What I Learned Trying to Automate Failure Analysis Reports with AI

I tried plugging AI into our automation workflow to generate failure analysis reports. It seemed straightforward. It wasn't — and the problems ran deeper than I expected. Here's what broke, and here's what I actually did about it.

Coming from an automation background, my expectation was simple: give the AI the raw data, describe the format I want, and get a consistent, ready-to-use report every time. That expectation did not survive contact with reality.

THE CHALLENGES I RAN INTO:

CHALLENGE 01

Output format is never guaranteed

My naive approach: feed the AI the content, write a detailed format prompt, expect a clean consistent report. What I got was a different version of the same report every single run — same data, different structure. For automation, inconsistency is a dealbreaker. You can't build a pipeline on output you can't predict.

CHALLENGE 02

Hallucination on technical content

One test case failed because an element was no longer present on the page. Its XPath looked like this: contains(text(), 'deep') — and the AI latched onto the ,' inside the expression, treating it as a syntax error (considering it as semi-colon ;). It confidently reported an incorrect XPath as the root cause, when in reality the element had simply disappeared from the UI. That's a subtle but significant misread — and I had no way of knowing how many similar ones slipped through undetected.

CHALLENGE 03

Token cost is a real constraint nobody talks about

While everyone pitches AI adoption, very few people ask: how many tokens are we actually burning? Feeding the AI the entire dataset to produce a report might give richer output — but at what cost? Not every step of a pipeline needs to go through a model. If a piece of logic can be handled with code, running it through AI is waste, not progress.

THE QUESTIONS THIS RAISED

How much should AI actually own?

Full report generation, or just a structured payload that our own template consumes? The naive path is to let AI do everything — but that's exactly where inconsistency and runaway token usage creep in.

Is a detailed prompt ever enough?

Instructions, constraints, data, format spec — and still the AI misses a rule sometimes. At what point do we stop tuning the prompt and go back to code?

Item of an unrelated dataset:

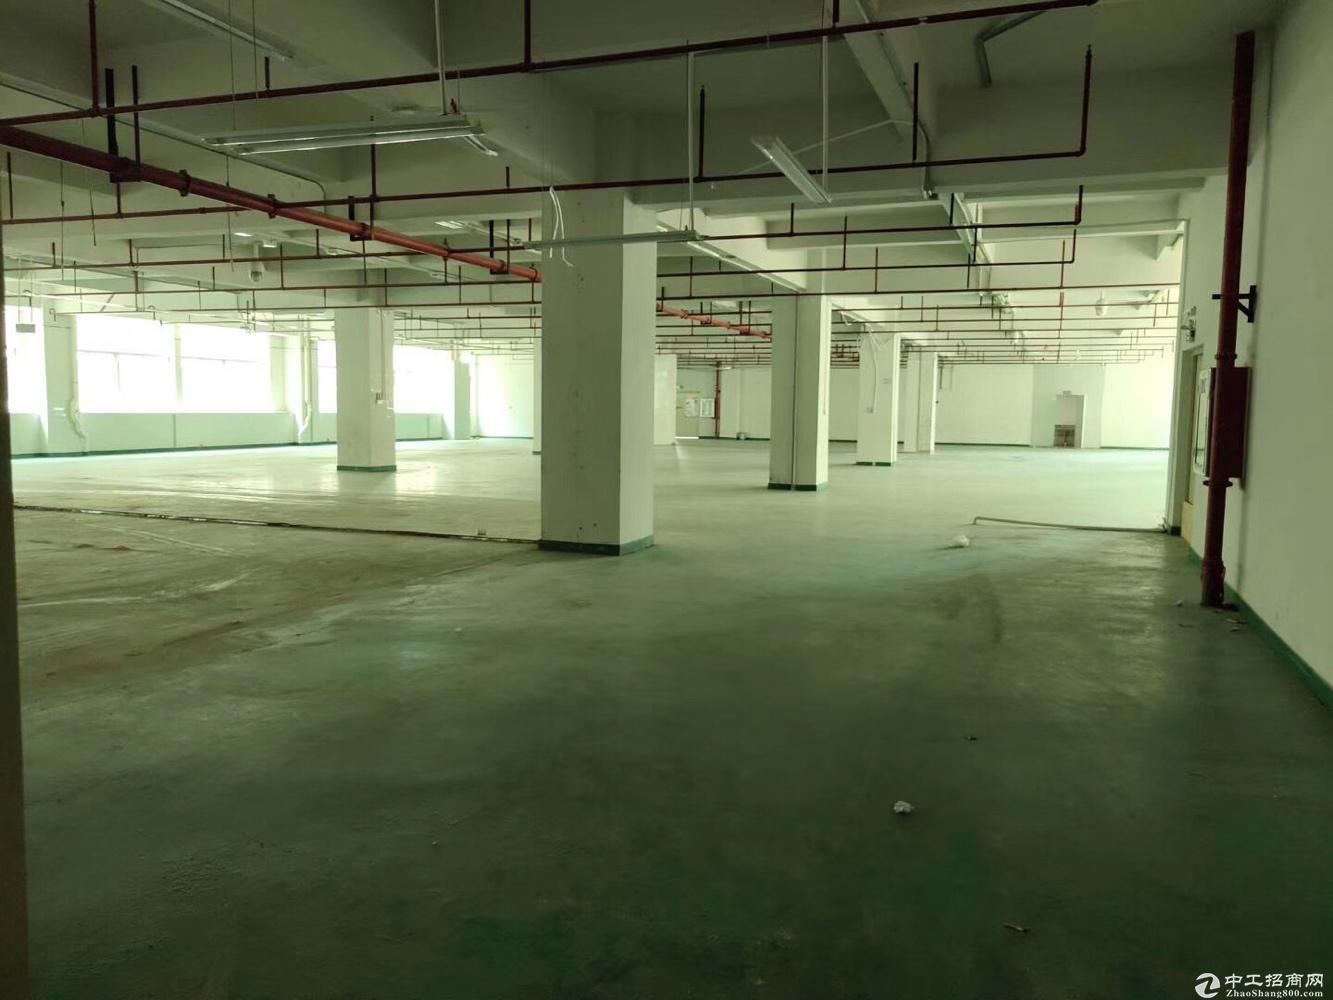 石岩南光高速料坑出口物流仓库厂房整栋出租7800平米

There's no guarantee a prompt can provide.

The more I constrained the prompt, the more I was essentially writing code — but in natural language, with no compiler to catch mistakes and no guarantee of consistent output.

THE BOAT ANALOGY

Here's the best way I can describe where we are right now with AI in engineering workflows:

We're trying to cross a river in a massive, expensive ship — one we're still on a trial license for. Meanwhile, we have a perfectly good small boat of our own. The question isn't whether the ship is impressive. The question is: do we actually need it for this crossing? And more importantly — could we use what we learn from the ship to make our own boat better, rather than becoming dependent on it entirely?

Token cost is the fare for that ship. Every large context window, every full dataset you pass in — that's money and latency you're spending. When AI is genuinely doing something your code can't, the fare is worth it. When AI is just formatting data a template could handle in milliseconds, you're paying ship prices for a rowboat job.

WHAT I ACTUALLY BUILT:

I stopped asking AI to do the whole job. Instead, I took back control — deliberately and specifically.

First, I narrowed the input. Instead of passing the entire test run to the model, I filtered down to only the failed test cases. That single change significantly reduced token consumption and, crucially, reduced the surface area for hallucination. Less noise in means fewer wrong inferences out.

Second, I stopped asking AI to format the report. Instead, I asked it to return a structured JSON array — one object per failed test case — with a fixed schema:

FIELD	WHAT AI FILLS IN
testCaseName	The name of the failed test case
failures	What specifically failed — error, assertion, element, step
rootCauseAnalysis	AI's interpretation of why it failed. NA if not determinable.
fixes	Suggested code or config changes to resolve the failure. NA if not applicable.
suggestions	Broader improvements — test coverage, stability, edge cases. NA if none.

The report structure — how it looks, how it's laid out, what gets highlighted — I designed that myself. The AI fills the fields. My code owns everything else.

WHY THIS WORKS

Consistency fixed

A fixed JSON schema means the output is predictable every run. No more formatting surprises.

Hallucination reduced

Narrower input means fewer opportunities for the model to make confident wrong inferences.

Token cost controlled

Only failed cases go to the model. Everything else stays in code where it belongs.

THE PATTERN THIS FOLLOWS

In AI engineering this is sometimes called "AI as extractor, not presenter." The model does the hard cognitive work — root cause analysis, pattern recognition, generating fix suggestions — and returns raw structured data. Your system does everything else. It's the right division of labor.

TAKEAWAY

Don't hand the whole job to the model. Identify exactly where AI earns its place — the reasoning, the interpretation, the analysis — and own everything around it yourself. Design the schema. Own the report. Control the tokens. Use the ship only for what the small boat genuinely can't do.